Якоб Бёме - Герхард Вер
Гравюра на меди титульного листа книги «О троякой жизни», издание 1730 года
Три принципа, которые на высшем уровне бытия соотносятся с принципом божественной троичности, встречают Бёме во внешней природе, во всем сотворенном, так как «внешний состоящий из четырех стихий мир и эти звезды — фигура внутренних сил духовного мира». Этому миру придана его собственная динамика. Семь качеств вечной природы отражают в себе три принципа или же представляют их «понятное» воплощение. «Этот внешний мир — дым и пар, происходящие от духовного огня и духовной воды, оба они выдохнуты священным и мрачным мирами. Потому в нем есть и зло и добро, любовь и гнев, и пред духовным миром он только дым и туман, и со всеми своими качествами он вернется к родильнице в формах силы, как это можно видеть по звездам, стихиям и тварям, по растущим деревьям и травам. И он своим рождением утверждает новый принцип, ибо время родильницы — это модель вечного рождения, и время стоит в вечности»[135]. Эти слова о времени в вечности, которые понимаются здесь прежде всего в плане натурфилософии и приобретают для Бёме теоретико-познавательное значение, становятся для набожного сапожника лейтмотивом, который определяет его земное странствие как подражание Христу. Для того чтобы найти ключевые слова, следует рассмотреть, каким образом у него познание и жизнь соотносятся друг с другом. Сообразно этому в природе и в человеческом мире в наглядной и доступной переживанию форме разыгрывается борьба между силами любви и гнева. Поэтому эта земля — поле борьбы между добром и злом, между светом и тьмой, которые действуют как формы осуществления лживого одеяния Божества». Здесь источаются силы природы. Бога нельзя мыслить иначе, «чем в качестве самого глубинного основания всех вещей, и все же помнить, что Он не может быть определен до конца, даже если мы охватим взглядом все сотворенное Им»[136]. Видимый мир, по словам св. Иоанна Богослова, — это изреченное Слово.
Бёме приходится бороться с возможным недопониманием своих слов: он сопротивляется дуализму манихейства, гностиков и прежде всего персидской двоичности богов: «Ибо бог святого мира и бог мрачного мира — это не два бога. Есть единственный Бог. Он сам и есть все живое…»[137] Этот один — тот, который охватывает все. С другой стороны, Бёме должен противостоять опасности пантеизма. Тезис Спинозы «Deus sive natura» (Бог равен природе) Бёме никогда бы не принял. Для Бёме чрезвычайно важно установить, что все произошло из одного корня и представляет собой оплотневшее дыхание изреченного Слова.

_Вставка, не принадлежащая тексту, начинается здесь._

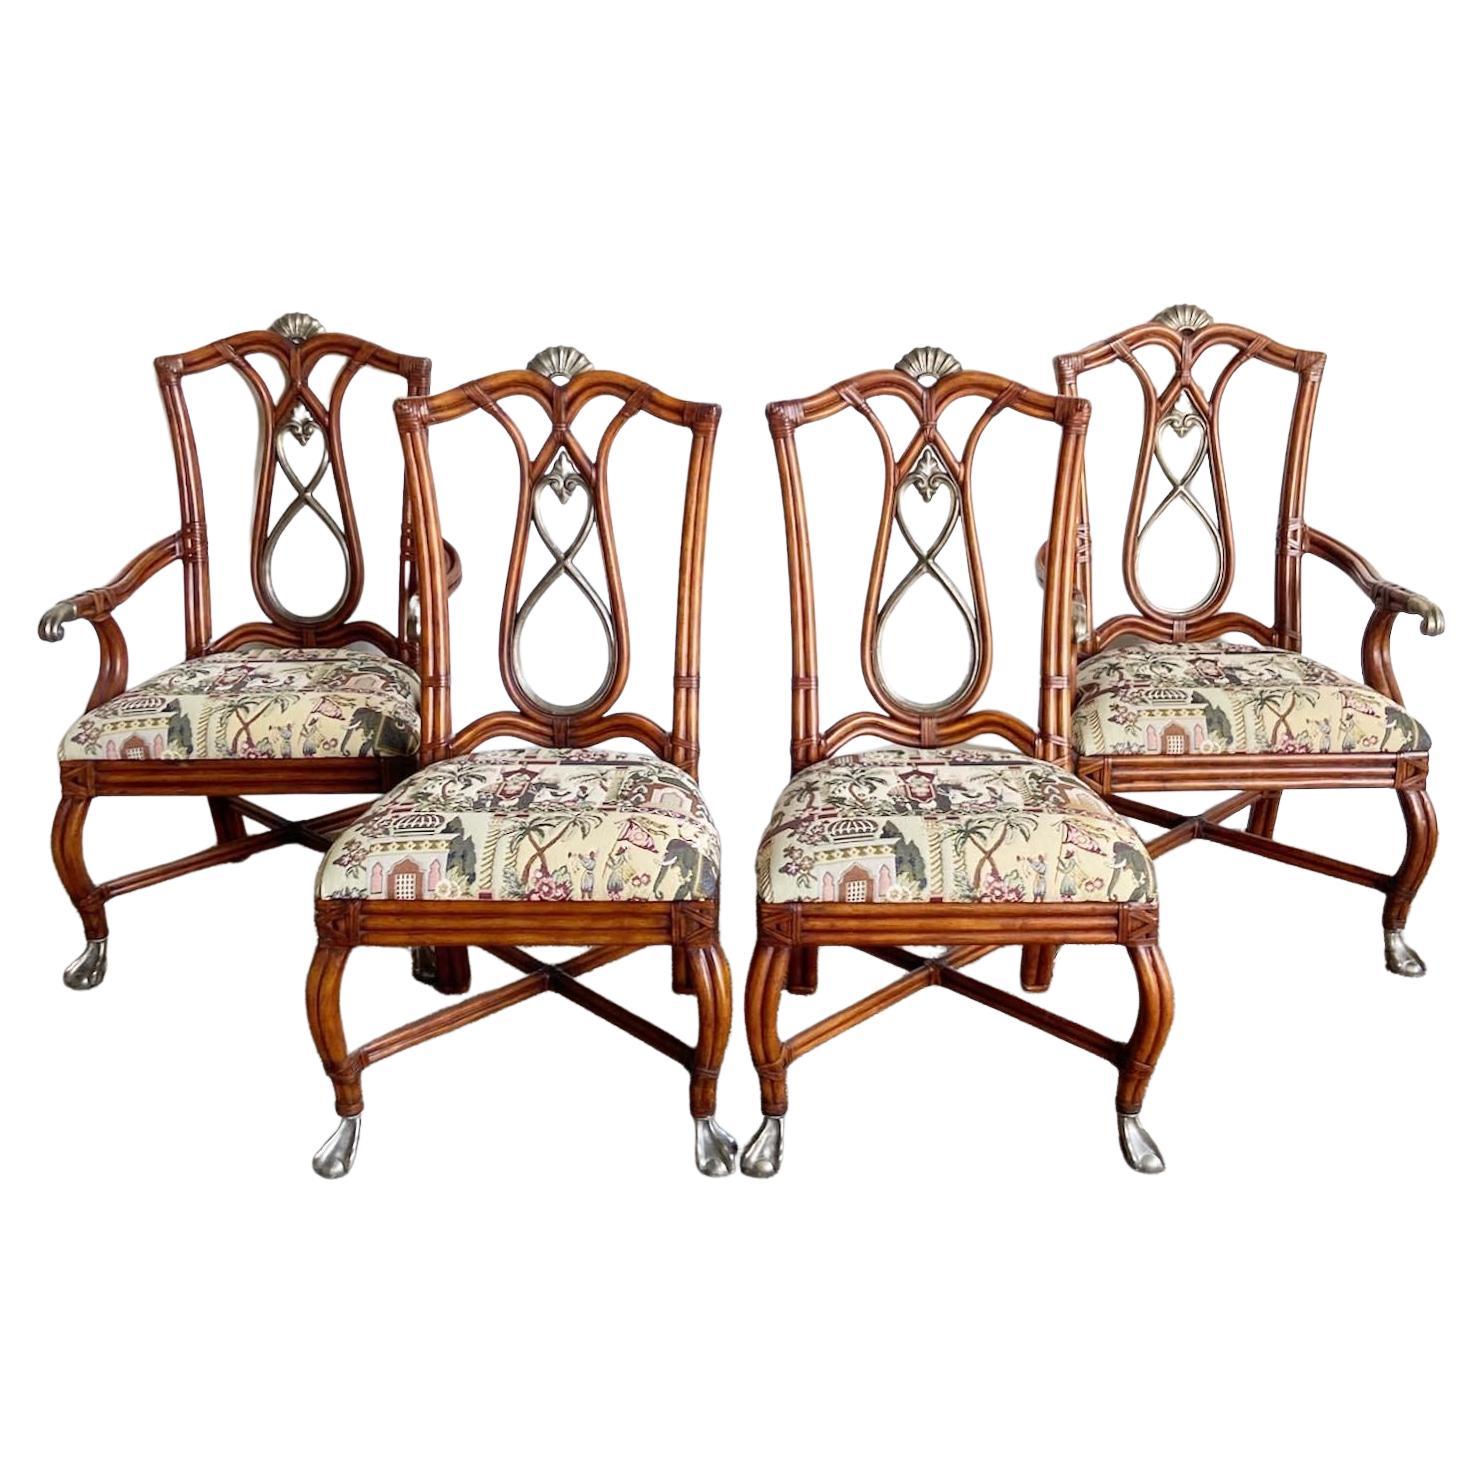 Boho Chic Ornate Bamboo Rattan Ball in Claw Dining Chairs - Set of 4 For Sale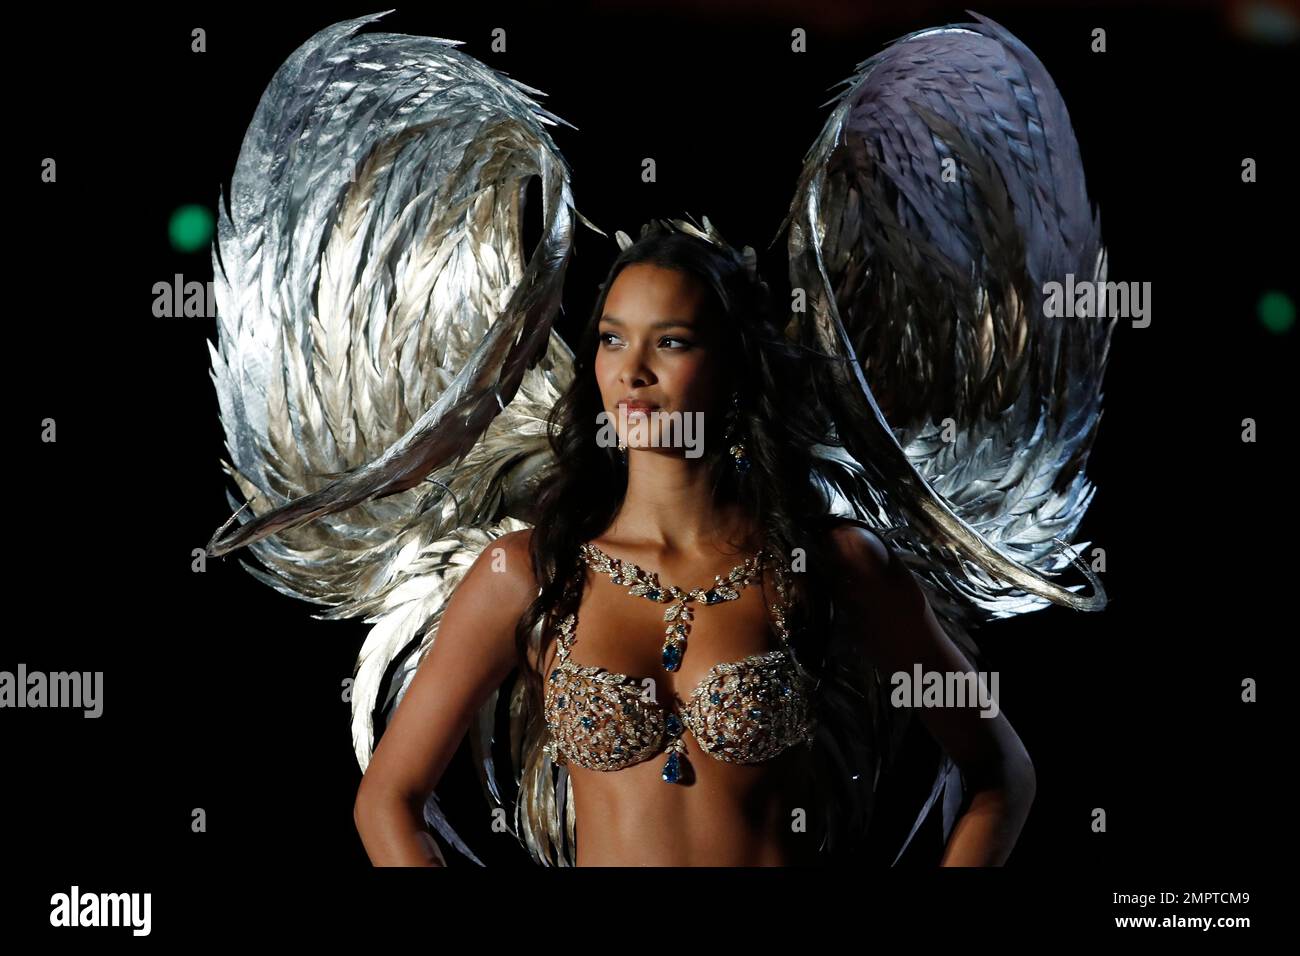 Brazilian model Lais Ribeiro presents the $2 million Champagne Nights  Fantasy Bra by Mouawad, during the Victoria's Secret fashion show at the  Mercedes-Benz Arena in Shanghai, China, Monday, Nov. 20, 2017. (AP

Однако мы не можем сказать, что внешний мир и есть Бог или же сказанное слово[138]. Бёме твердо держится различия говоримого и сказанного слова. Как иначе Бёме мог бы еще в «Утренней заре» говорить о «божестве во внешнем рождении», — божестве, которое держит в руках весло и «некогда бросит мякину и подожженный навес в одну кучу и свое внутреннее рождение изымет оттуда, и все это отведет как вечный дом господину Люциферу и его присным. Ибо господин Люцифер должен лежать связанным во внешнем рождении, в при роде этого мира, в его гневном огне»[139].
Барух де Спиноза. Анонимный портрет.
Вольфенбюттель, библиотека
В этом тексте Бёме намекает на один важный раздел своих теокосмософических представлений. Имеется в виду трагическое падение — падение Люцифера, некогда близкого Богу, светоносного. Потому что terra lucida (светлая земля), хотя она и вышла из руки Творца, утратила свой первоначальный статус. Райской земли больше нет. «Внешняя земля — это горький напиток, и она мертва». Что же произошло? <»Господин Люцифер в своей гордыне сделал силы нечистой природы жгучими, горькими, холодными, терпкими, кислыми, мрачными и нечистыми»[140]. Так были заражены «духи источников». Весь космос был вовлечен в космическое со-страдание. Это падение Люцифера, которое Бёме горько оплакивает, не может быть измерено в масштабах человечески-морального. Здесь речь идет скорее о катастрофе, потрясшей весь космос. Это падение предшествовало грехопадению человека и было его причиной.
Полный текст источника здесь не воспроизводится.